Копаю усердно. Снова накат бревен. Что можно сделать саперной лопатой? Возвращаюсь к середине блиндажа.
Становится душно. Падаю на холодный сыпучий песок. Стараюсь припомнить где должен быть выход. Не могу собраться с мыслями. В ушах звенит, с каждой минутой дышать становится все тяжелее. И вдруг обжигает мысль: чем дольше буду лежать без дела, тем скорее придет смерть. Надо добывать свежий воздух!
Беру лопату, опять ползу между бревнами в свою нору. Работаю без отдыха, как крот, врываюсь все дальше. Позади рухнула глыба песку, придавила ноги. Кажется, отрезало выход в блиндаж...
Не хватает воздуха. Какой-то комок подкатился и стал поперек горла - ни вдохнуть, ни выдохнуть. В глазах мелькают разноцветные искры, плывут радужные круги. Из последних сил упираюсь ногами в бревно и бью лопатой в стену. Раз, другой, третий... Лопата проваливается в пустоту. Еще рывок и... наконец-то! Но силы оставили меня, и я ткнулся лицом в землю.
Когда поднял голову, была темная ночь. Я жадно глотал свежий воздух, не мог насытиться.
Меж бревен и досок я, оказалось, проделал хороший лаз. Через него и выбрался из блиндажа.
В сторону Волги летели трассирующие пули. Из окон нижнего этажа конторы метизного завода строчили фашистские станковые пулеметы. В небе вспыхивали ракеты, освещая покореженное полотно трамвайной линии, разбитые трамвайные вагоны.

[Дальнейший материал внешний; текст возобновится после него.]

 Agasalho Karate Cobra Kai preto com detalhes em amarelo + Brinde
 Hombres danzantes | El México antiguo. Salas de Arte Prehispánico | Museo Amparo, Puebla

Теперь мне стало ясно, где я и как нужно действовать. Чтобы выйти отсюда к своим, надо подорвать пулеметы.
Вернулся снова в блиндаж. Нужны гранаты. Но как ни старался, сколько ни ползал но полу, гранат найти не мог. Темно. Нужен свет, чтобы осмотреться. Нужны спички.
Начал шарить по карманам убитых. В одном кармане зашуршал коробок и кисет с махоркой. Обрадовался находке, смастерил самокрутку, чиркнул спичкой, прикурил. И в ту же секунду заметил - в углублении стены стоит лампа "катюша", рядом - коробок спичек.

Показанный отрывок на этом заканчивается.